At any point on the earth's surface, the tidal force produced by the moon's gravitational attraction may be separated or "resolved" into two components of force - one in the vertical, or perpendicular to the earth's surface - the other horizontal or tangent to the earth's surface. This second component, know as the tractive ("drawing") component of force is the actual mechanism for producing the tides. The force is zero at the points on the earth's surface directly beneath and on the opposite side of the earth from the moon (since in these positions, the lunar gravitational force is exerted in the vertical - i.e., opposed to, and in the direction of the earth-gravity, respectively). Any water accumulated in these locations by tractive flow from other points on the earth's surface tends to remain in a stable configuration, or tidal "bulge".
Thus there exists an active tendency for water to be drawn from other points on the earth's surface toward the sublunar point (A, in Fig. 2) and its antipodal point (B, in Fig. 2) and to be heaped at these points in two tidal bulges. Within a band around the earth at all points 90o from the sublunar point, the horizontal or tractive force of the moon's gravitation is also zero, since the entire tide-producing force is directed vertically inward. There is, therefore, a tendency for the formation of a stable depression here. The words "tend to" and "tendency for" employed in several usages above in connection with tide-producing forces are deliberately chosen since, as will be seen below, the actual representation of the tidal forces is that of an idealized "force envelope" with which the rise and fall of the tides are influenced by many factors.

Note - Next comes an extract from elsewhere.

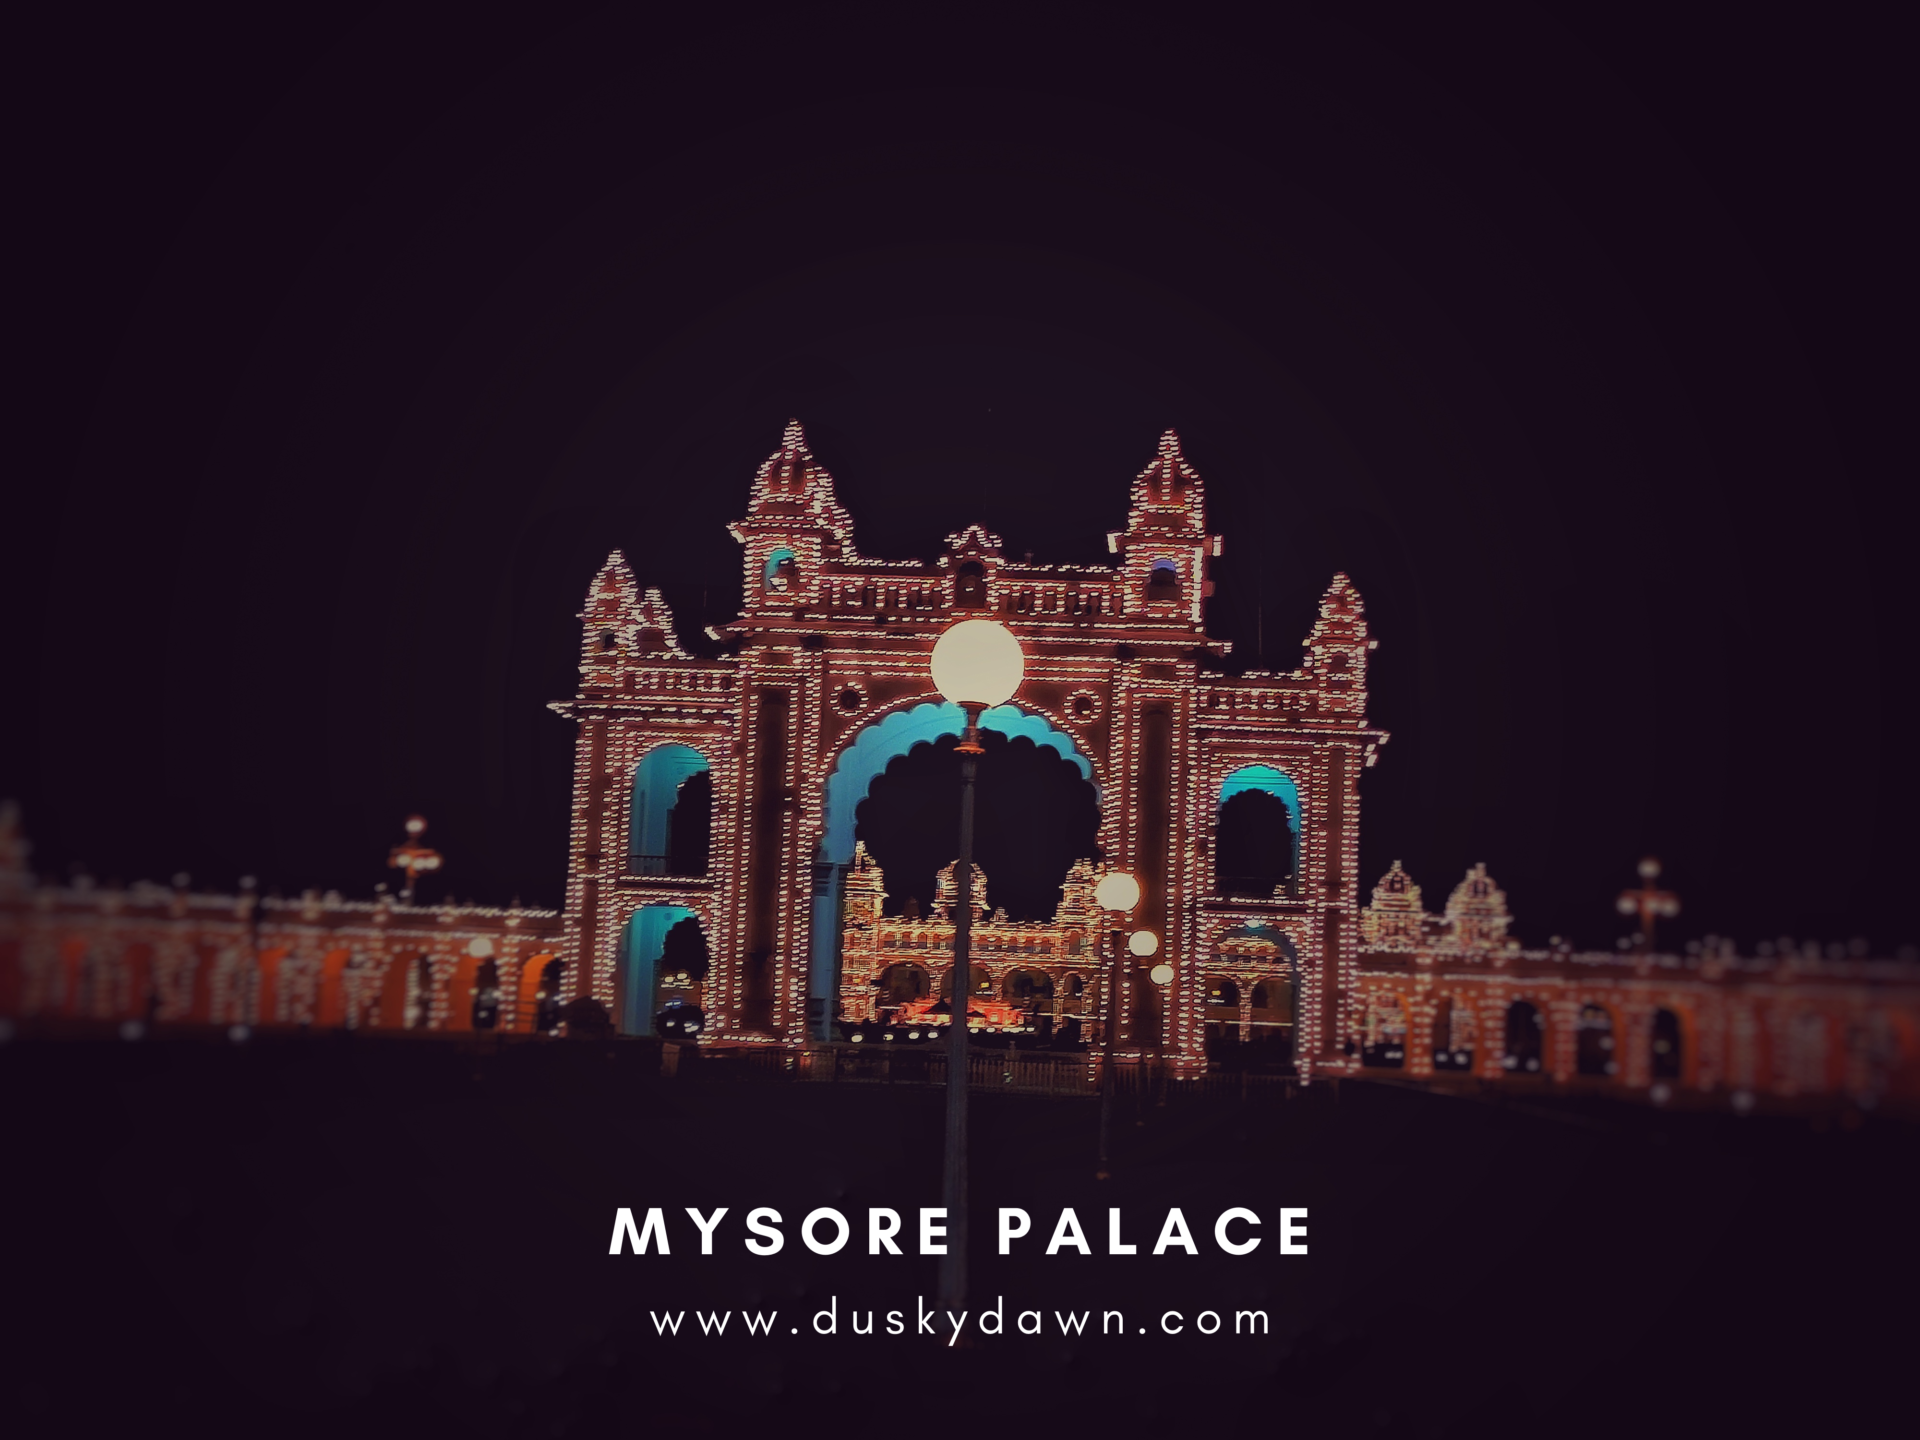 Lighting at Mysore Palace during Dussehra 2020

5. The Tidal Force Envelope. If the ocean waters were completely to respond to the directions and magnitudes of these tractive forces at various points on the surface of the earth, a mathematical figure would be formed having the shape of a prolate spheroid. The longest (major) axis of the spheroid extended towards and directly away from the moon, and the shortest (minor) axis is center along, at right angle to, the major axis. The two tidal humps and two tidal depressions are represented in this force envelope by the directions of the major axis and rotated minor axis of the spheroid, respectively. From a purely theoretical point of view, the daily rotation of the solid earth with respect to these two tidal humps and two depressions may be conceived to be the cause of the tides.
As the earth rotates once in each 24 hours, one would ideally expect to find a high tide followed by a low tide at the same place 6 hours later; then a second high tide after 12 hours, a second low tide 18 hours later, and finally a return to high water at the expiration of 24 hours. Such would nearly be the case if a smooth, continent-free earth were covered to a uniform depth with water, if the tidal envelope of the moon alone were being considered, if the positions of the moon and sun were fixed and invariable in distance and relative orientation with respect to the earth, and if there were no other accelerating or retarding influences affecting the motions of the waters of the earth. Such, in actuality, is far from the situation which exists.
First, the tidal force envelope produced by the moon's gravitational attraction is accompanied by a tidal force envelope of considerably smaller amplitude produced by the sun. The tidal force exerted by the sun is a composite of the sun's gravitational attraction and a centrifugal force component created by the revolution of |